- [REQUIREMENT] Restate the data below word for word. Skip any images it contains.

- [DATA SECTION]
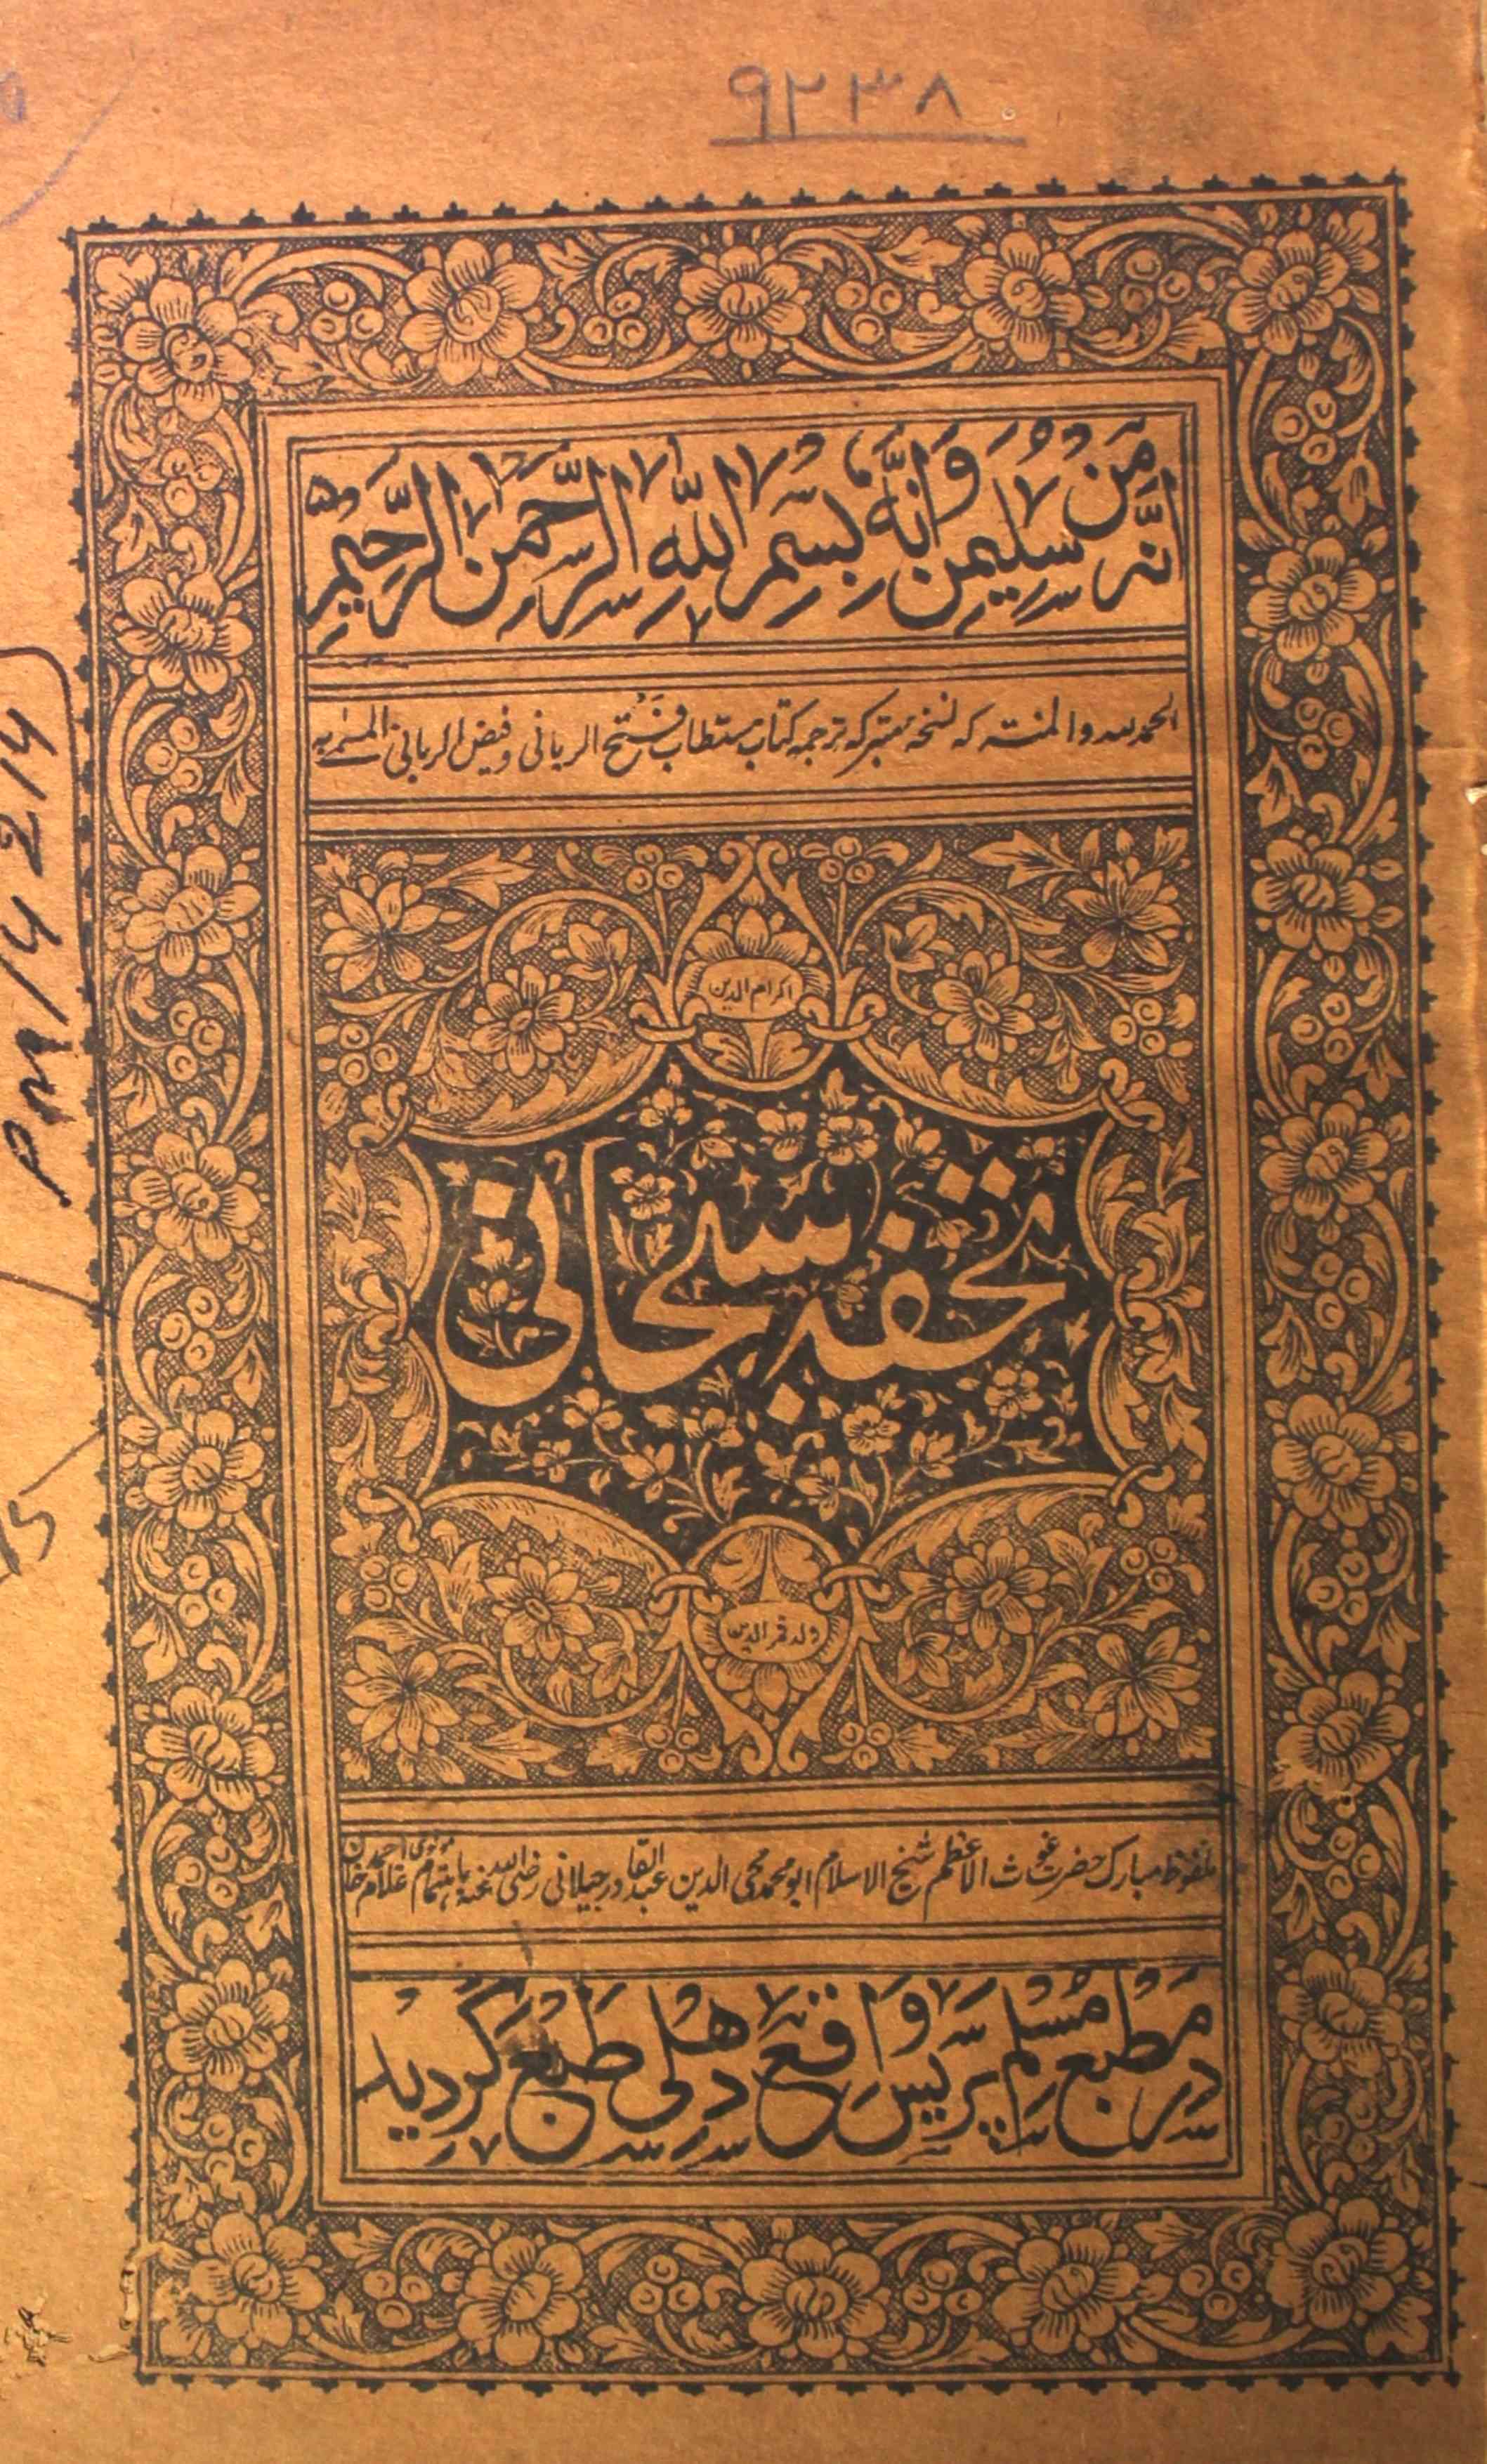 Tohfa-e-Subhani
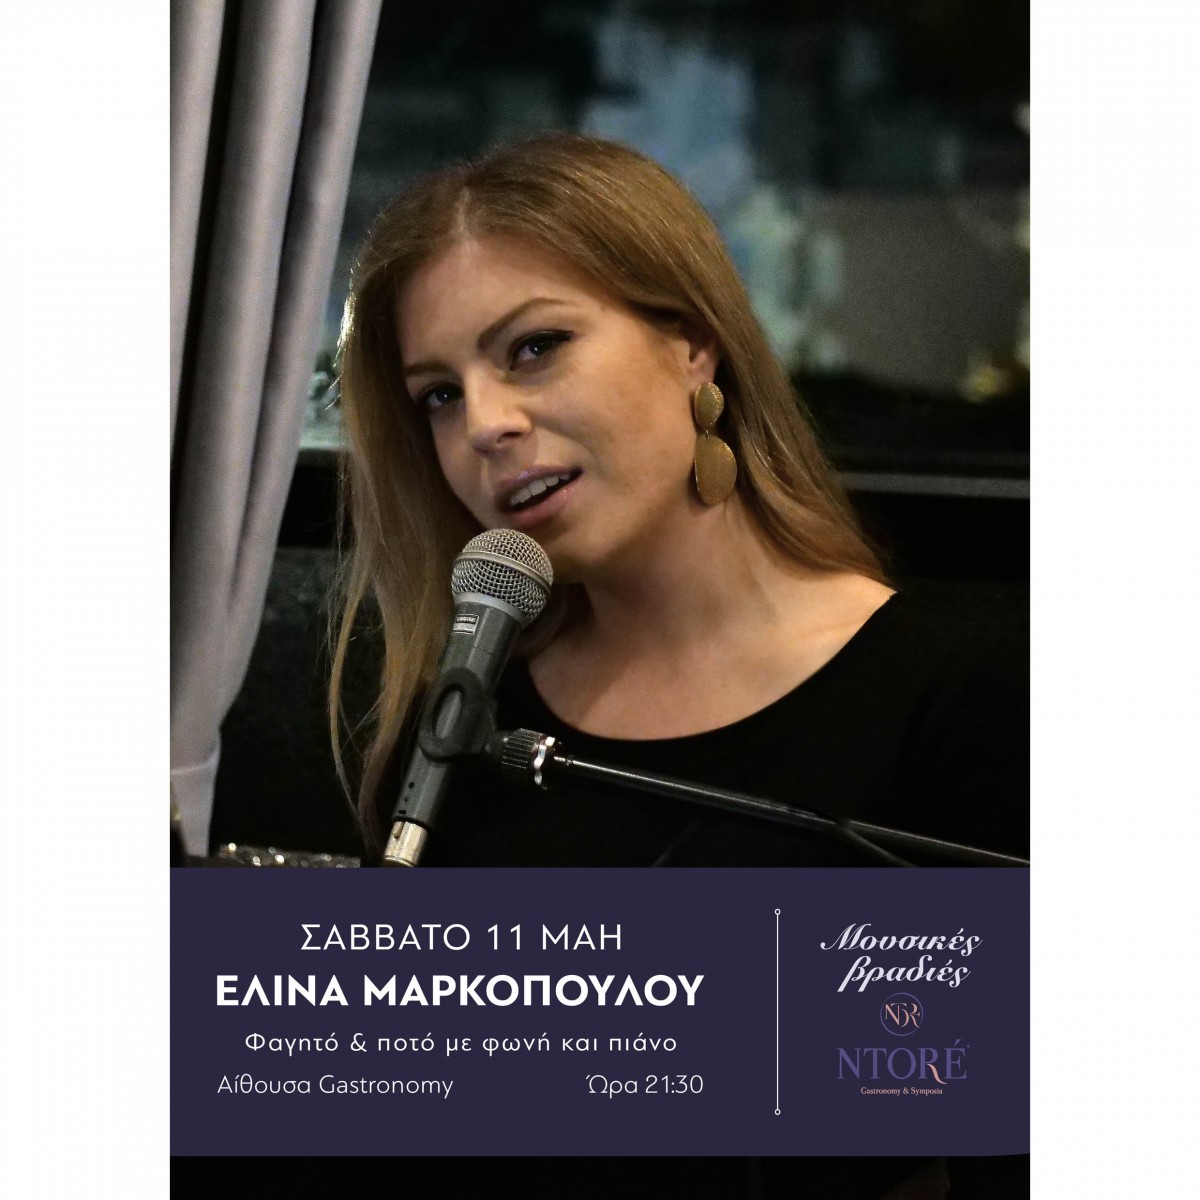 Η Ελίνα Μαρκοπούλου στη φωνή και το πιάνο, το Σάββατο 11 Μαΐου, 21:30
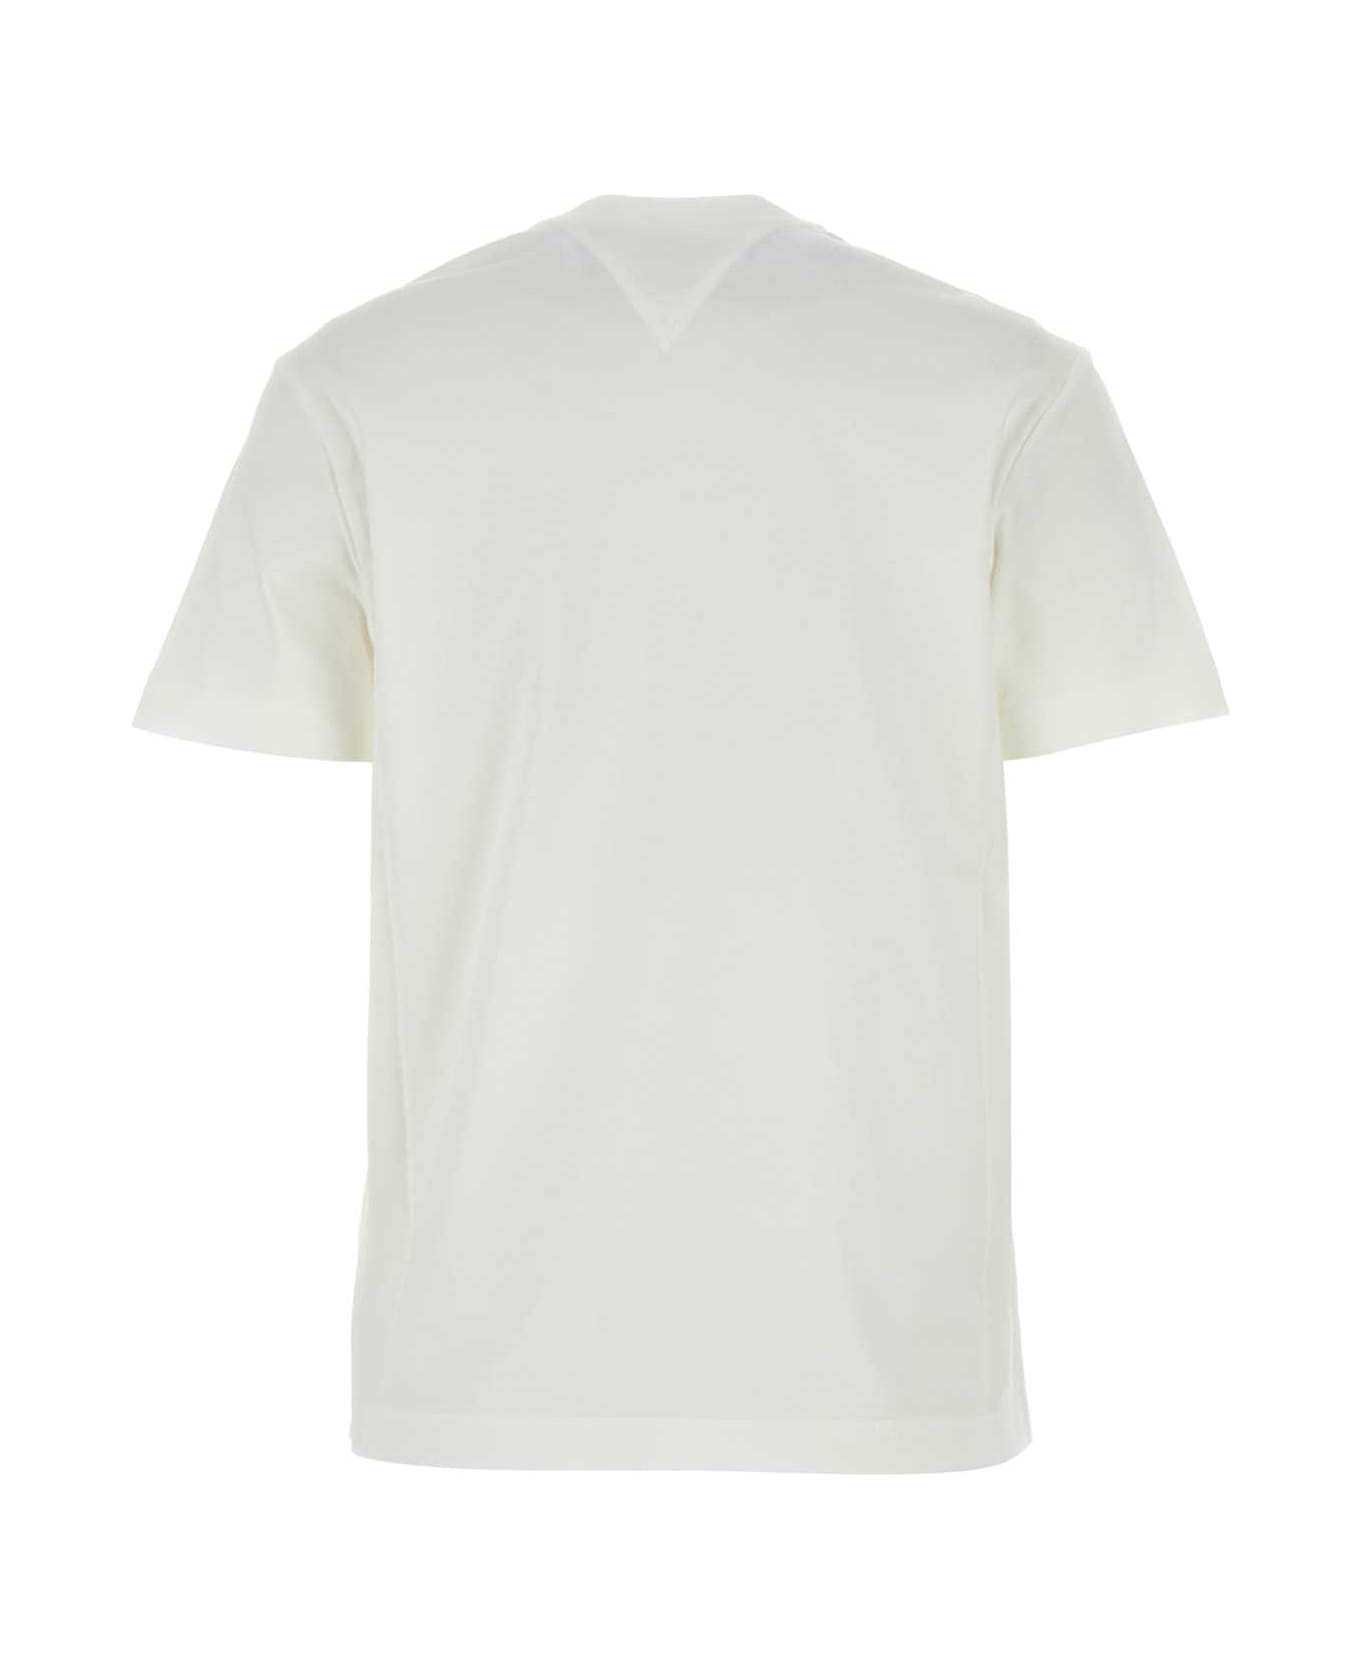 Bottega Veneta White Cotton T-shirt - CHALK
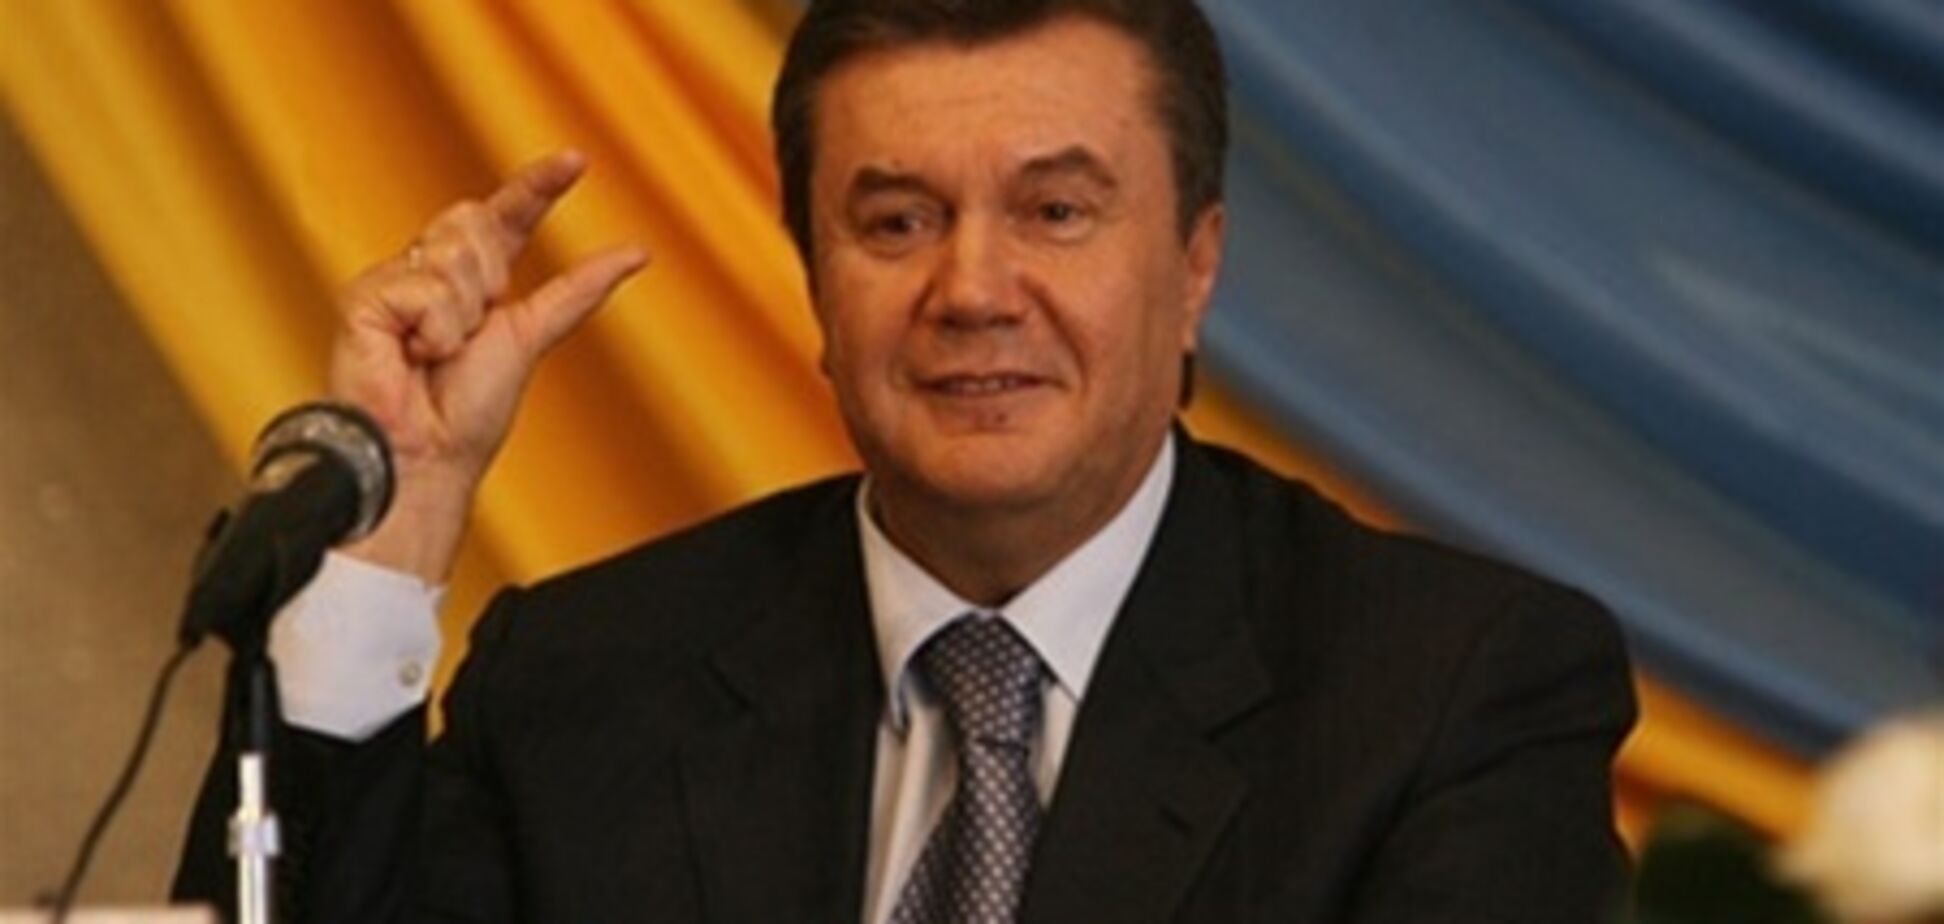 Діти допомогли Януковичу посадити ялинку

- [WRITTEN RESPONSE]
 Tohfa-e-Subhani
 Η Ελίνα Μαρκοπούλου στη φωνή και το πιάνο, το Σάββατο 11 Μαΐου, 21:30
 Bottega Veneta White Cotton T-shirt - CHALK
 Діти допомогли Януковичу посадити ялинку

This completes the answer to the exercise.